* [Provided data]

§ §

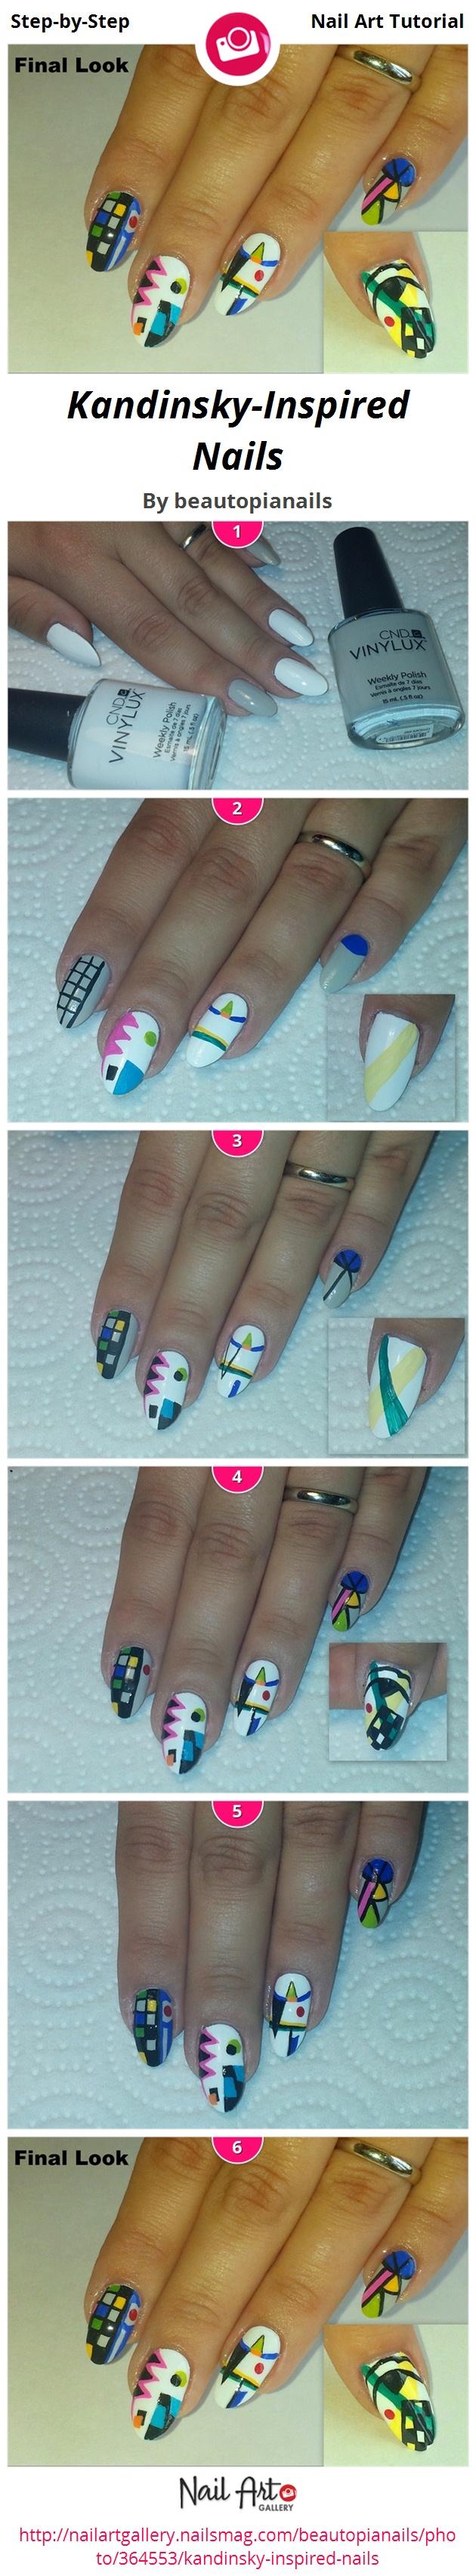 Kandinsky-Inspired Nails - Nail Art Gallery
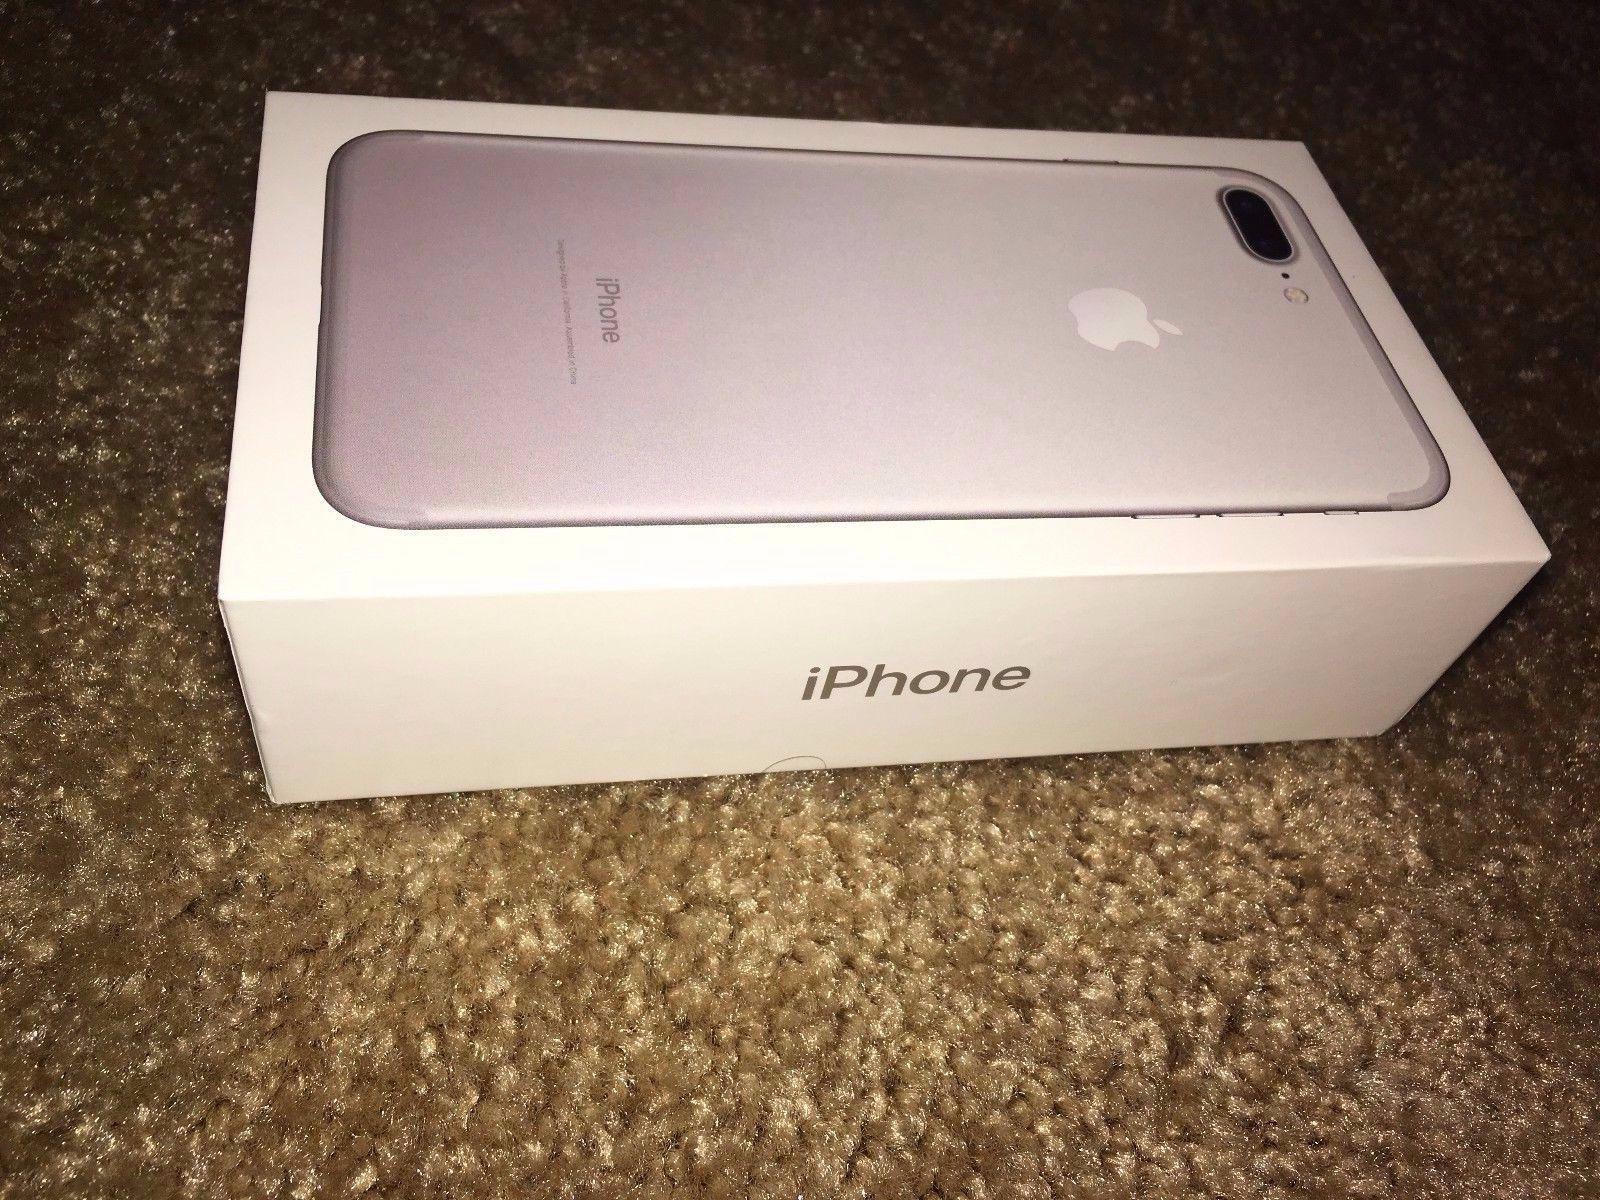 "Apple iPhone 7 Plus- 32GB -Sliver (Sprint) Smartphone financed "" New"" see detial https://t.co/nPjQMFILNE https://t.co/NpMMiRpXIT"
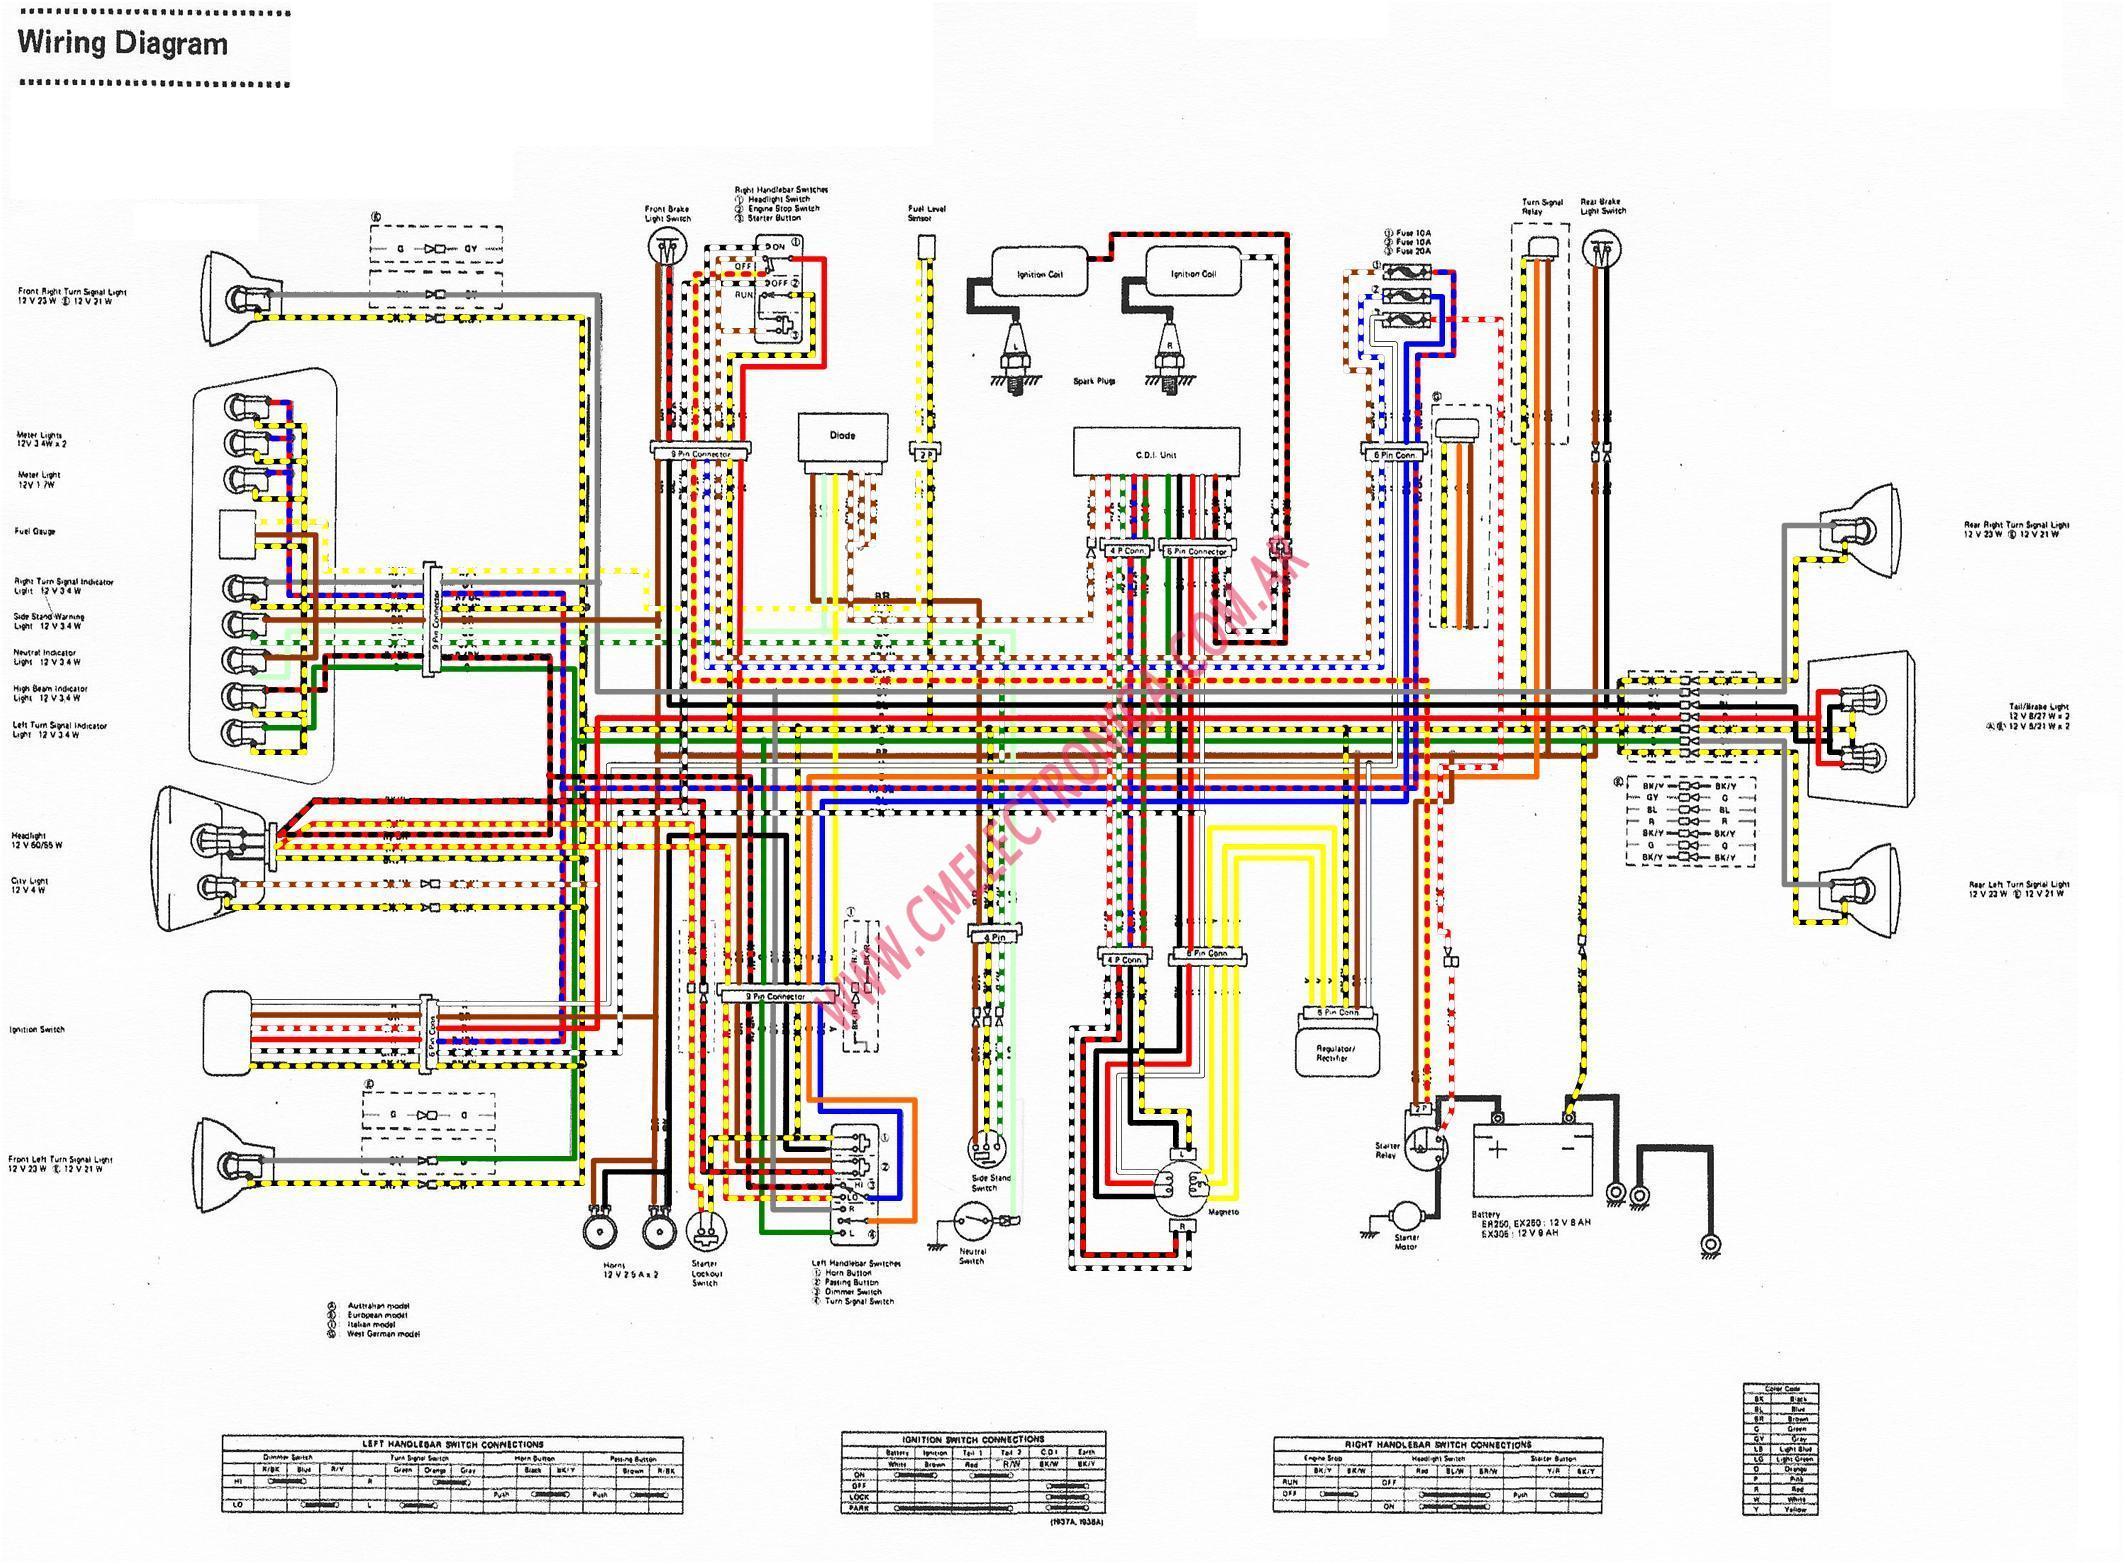 2012 Honda Rebel Wiring Diagram Ford 9n Wiring Cts Lsa Losdol2 Cabik Jeanjaures37 Fr

§ §

* [What the exercise asks] The pictures in the listing above are to be dropped, and everything else reproduced exactly.

* [Solution below]
 Kandinsky-Inspired Nails - Nail Art Gallery
 "Apple iPhone 7 Plus- 32GB -Sliver (Sprint) Smartphone financed "" New"" see detial https://t.co/nPjQMFILNE https://t.co/NpMMiRpXIT"
 2012 Honda Rebel Wiring Diagram Ford 9n Wiring Cts Lsa Losdol2 Cabik Jeanjaures37 Fr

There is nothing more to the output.